Sunumunda İstiklal Marşı’nın kaleme alındığı süreç ve koşulları değerlendiren Doç. Dr. Sabahattin Çağın, “Dünya Savaşı ile birlikte ülkenin düşmanlar tarafından işgal edilmesi toplumda büyük bir yıpranmaya yol açıyor. Dönemin gazete ve dergilerinde şiddetli protesto yazıları yazılırken, ülkenin çeşitli şehirlerinde de protesto mitingleri yapılıyor. Mehmet Akif Ersoy, o güne kadar toplumla daima iç içe olmuş bir şair olduğundan, vatanın işgali karşısında sessiz kalmıyor. Mehmet Akif, Ankara’ya giderek Milli Mücadele’nin saflarına katılıyor. O günlerde Kurtuluş Savaşı’nı başlatan Ankara Hükümetinin yayın organı olan Hâkimiyet-i Milliye’de ‘Türk şairlerinin nazar-ı dikkatine’ başlıklı bir ilan yayınlanıyor. Bu ilanda Türklerin bir milli marşının olmadığı, bu milli marşı oluşturmak için bir yarışma açıldığı ve kazanana 500 lira ödül verileceği yazılıyor. Yarışmanın tek bir şartı, şiirin Milli Mücadelenin ruhuna uygunluğu oluyor. İlanın ardından 724 şiir yarışmaya katılıyor ve bunların içinden bir seçme yapılıyor. Ön elemeyi 24 şiir geçiyor. Ancak ne yazık ki ilandaki tek şartı karşılayan bir şiir bulunmuyor” dedi.
Şiirler milletvekillerine sunulduğunda İstiklal Marşı’nın büyük alkışlarla karşılandığını vurgulayan Doç.
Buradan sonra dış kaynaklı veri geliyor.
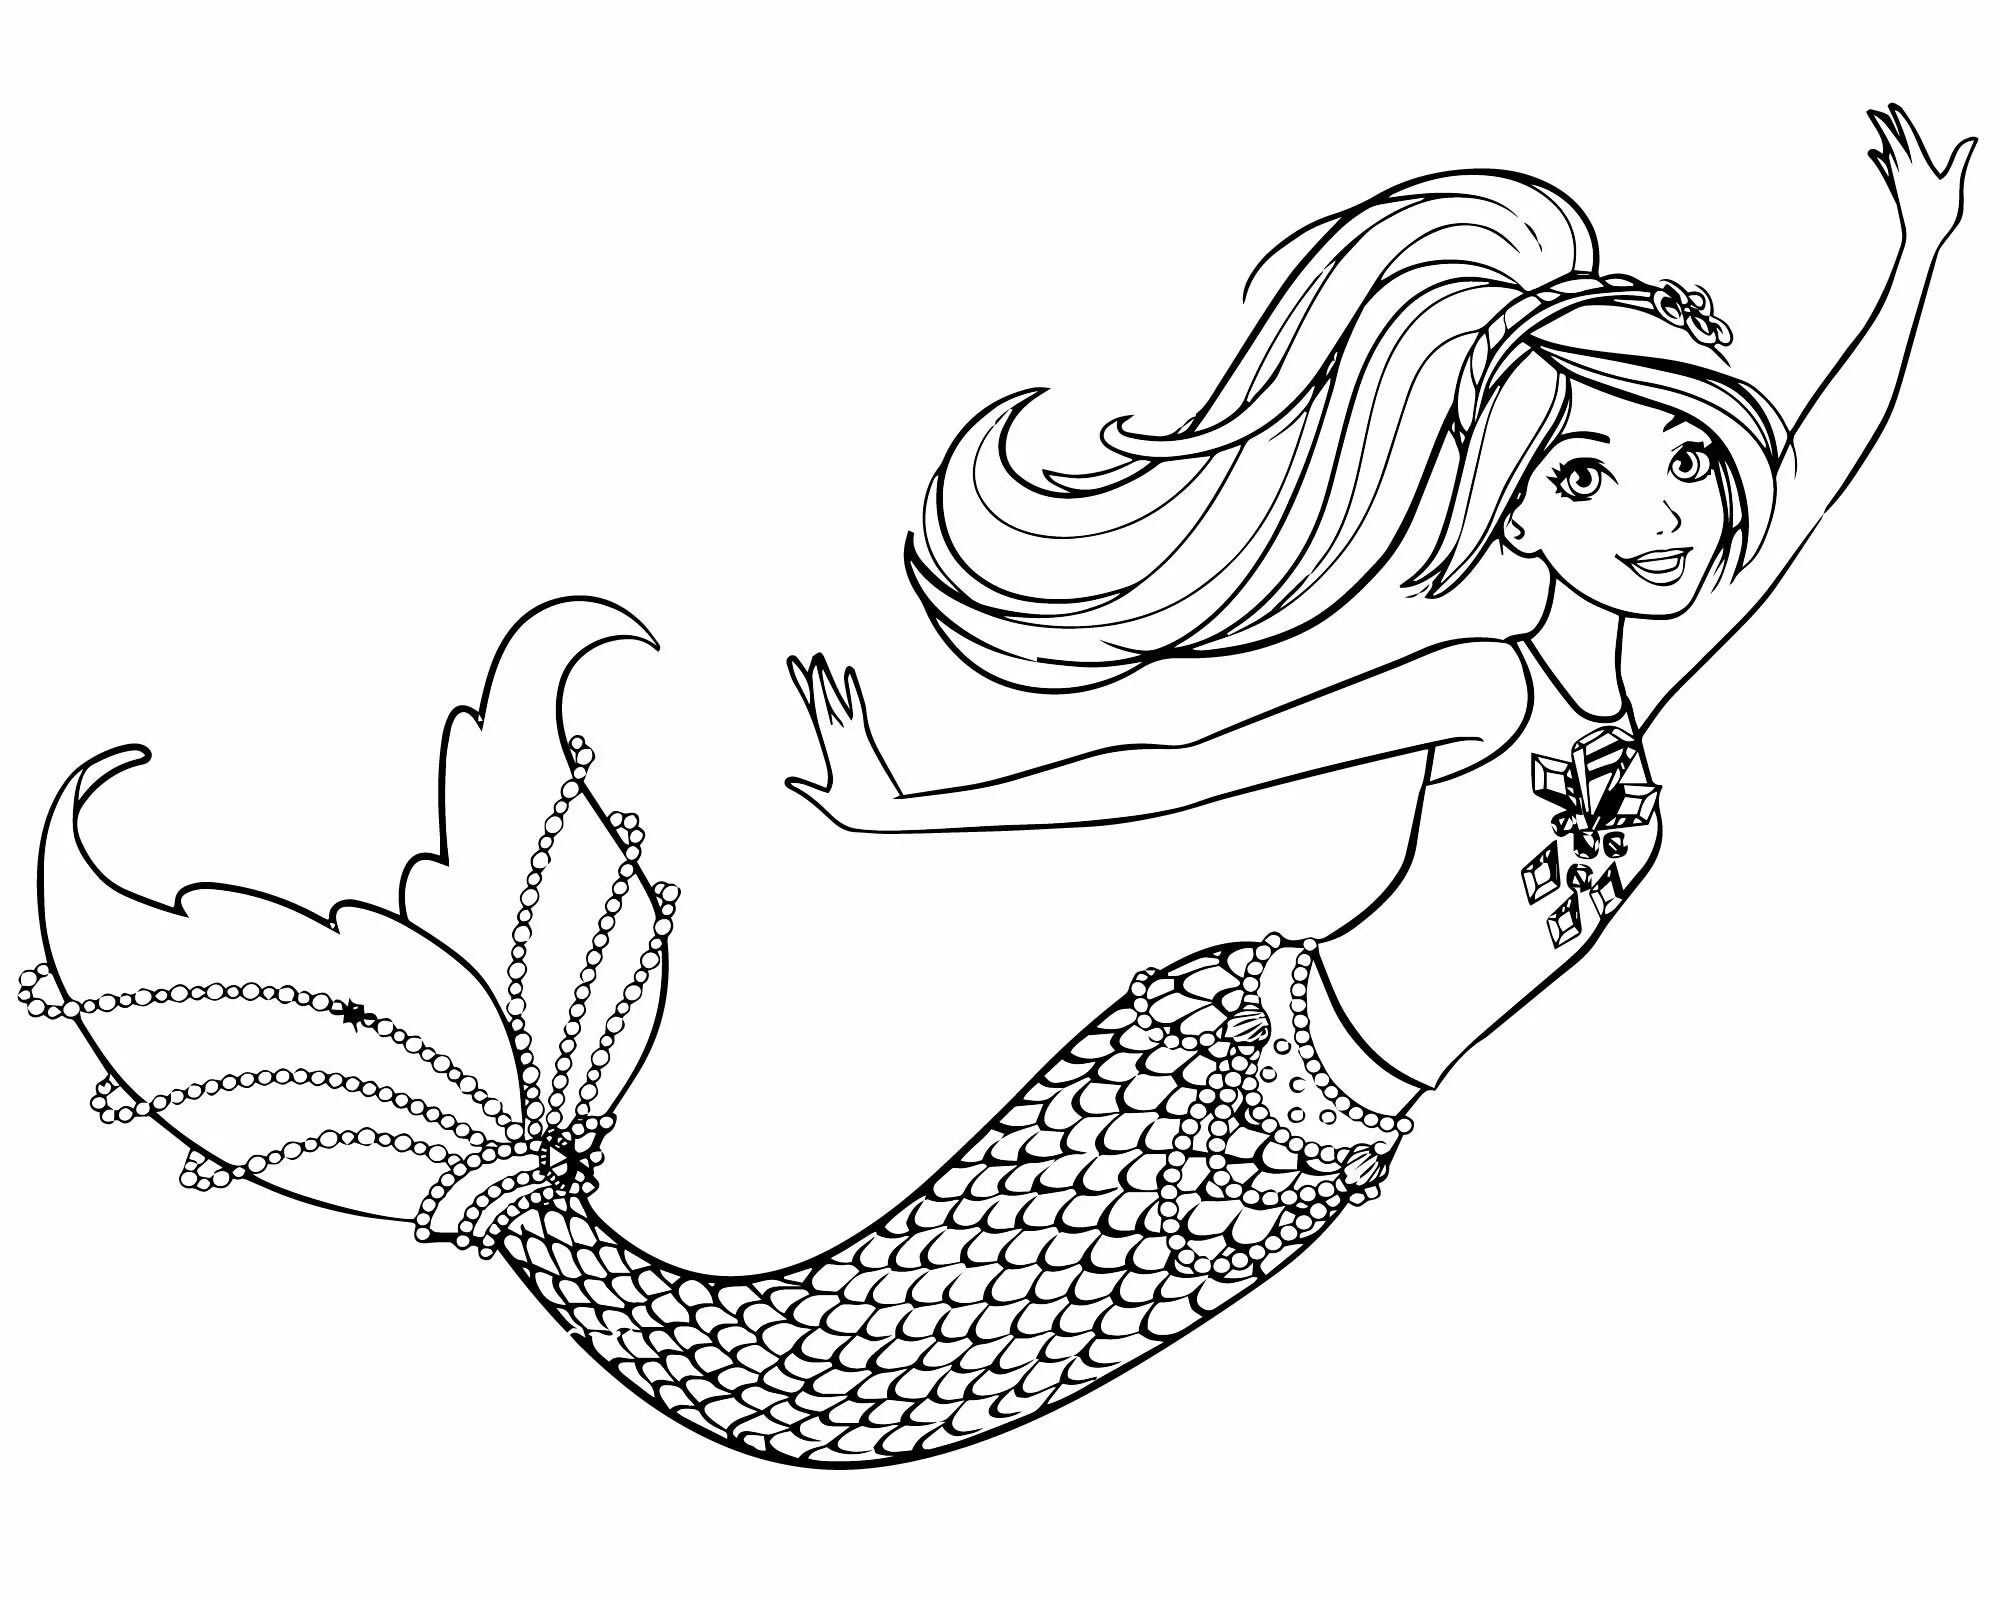 Mermaid queen #2
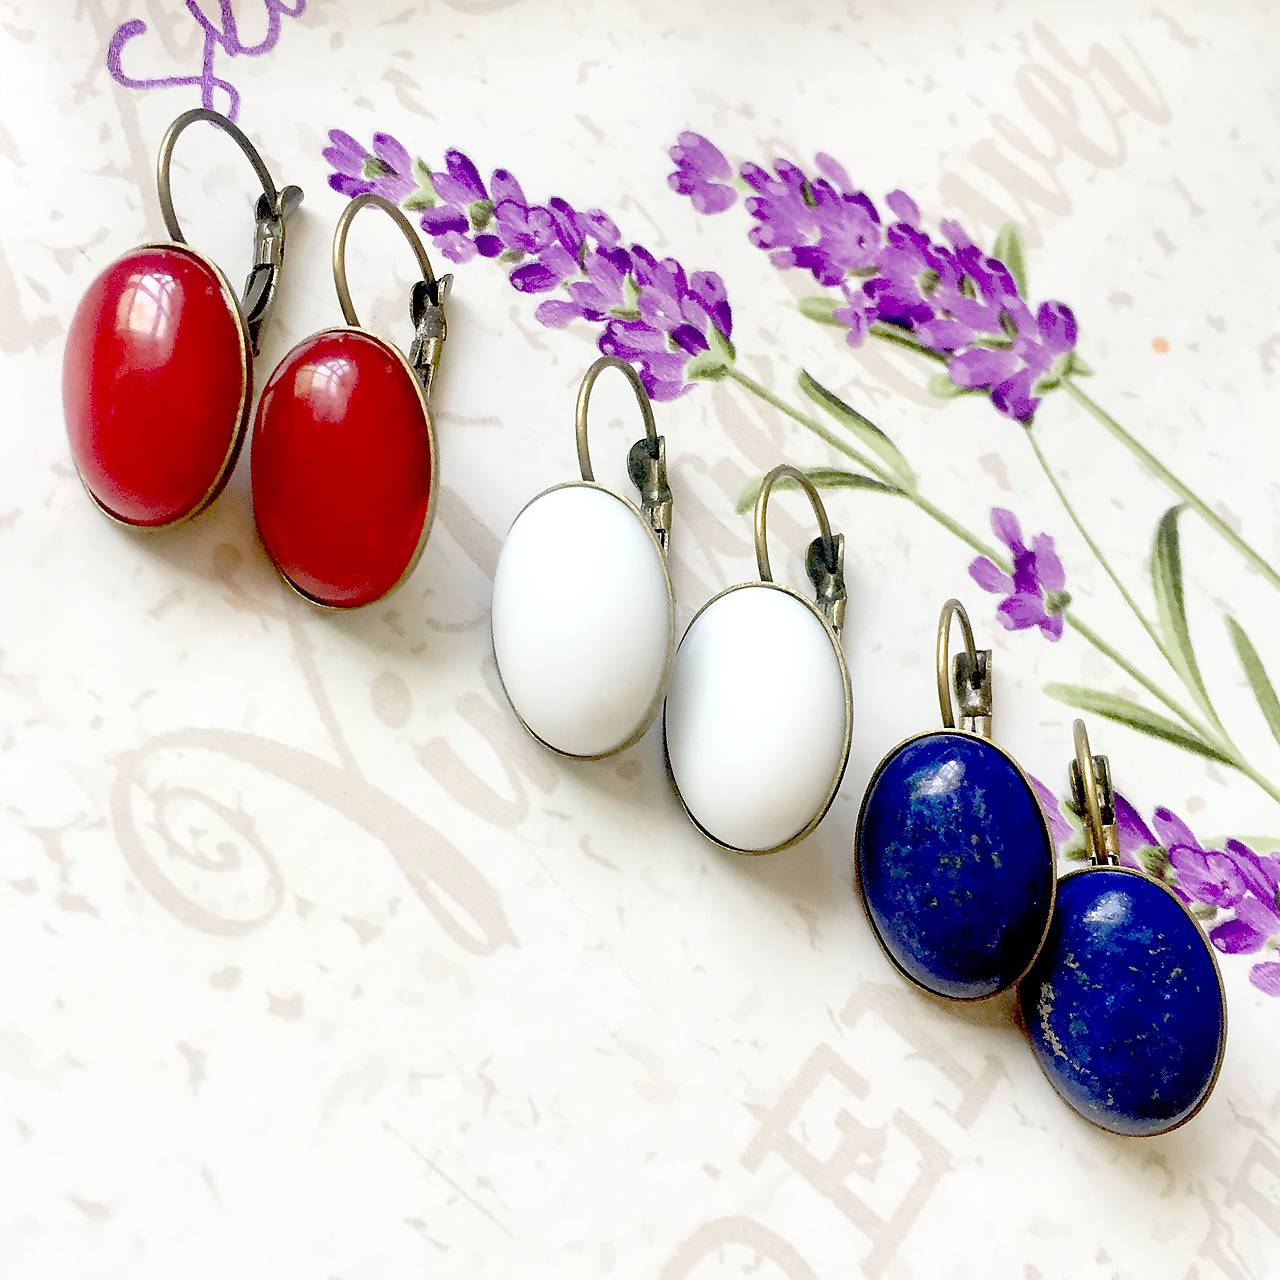 Elegant French Clasp Earrings 3 Pairs / Náušnice s bielym jadeitom, lazuritom a červeným jadeitom - 3 páry /0085

Dr. Çağın, “Dönemin Milli Eğitim Bakanı Hamdullah Suphi Tanrıöver, Mehmet Akif’in yakın arkadaşı Balıkesir Milletvekili Hasan Basri Çantay’a, Akif’in bu yarışmaya neden katılmadığını soruyor. Hasan Basri, Akif Bey’in müsabaka şeklini ve ikramiyeyi kabul etmediği cevabını alıyor. Bunun üzerine Hamdullah Suphi, bir yazı yazarak Hasan Basri aracılığıyla Akif’e gönderiyor. Burada marşı yazmasını, gerekirse ikramiyeyi başka bir şekilde değerlendireceklerini söylüyor. Ardından Akif bu şiiri yazmaya başlıyor. Nihayet şiir bitiyor ve Edebi Komisyon Mehmet Akif’in şiiriyle beraber 7 şiir seçiyor. Şiirler basılı olarak Türkiye Büyük Millet Meclisi’ndeki milletvekillilerine sunuluyor. 1 Mart 1921 tarihinde Mustafa Kemal’in başkanlığını yaptığı bir oturumda Hasan Basri ve Abdullah Suphi’nin İstiklal Marşı ile ilgili önergeleri görüşülüyor. Abdullah Suphi kendi oyunun Akif’in şiirinden yana olduğunu söyleyerek, şiiri okuyor. Şiiri okurken her dörtlüğü şiddetli alkışlar alıyor. Ardından 12 Mart 1921’de Akif’in şiirinin büyük bir çoğunlukla milli marş olarak kabul edildiği görülüyor. Akif’in bu yarışmadan kazandığı 500 liralık ödül ise, savaşta eşlerini kaybetmiş kadınlara ve çocuklara meslek öğretmek üzere kurulmuş olan bir derneğe bağışlanıyor” diye konuştu. Çağın, konuşmasının sonunda İstiklal Marşı içinde tespit ettiği “Geleceğe Duyulan Ümit”, “Bağımsızlık/İstiklal”, “Kahramanlık/Cesaret”, “Din”, “Şehadet”, “Vatan” ve “İman” gibi kavramları örneklerle açıkladı.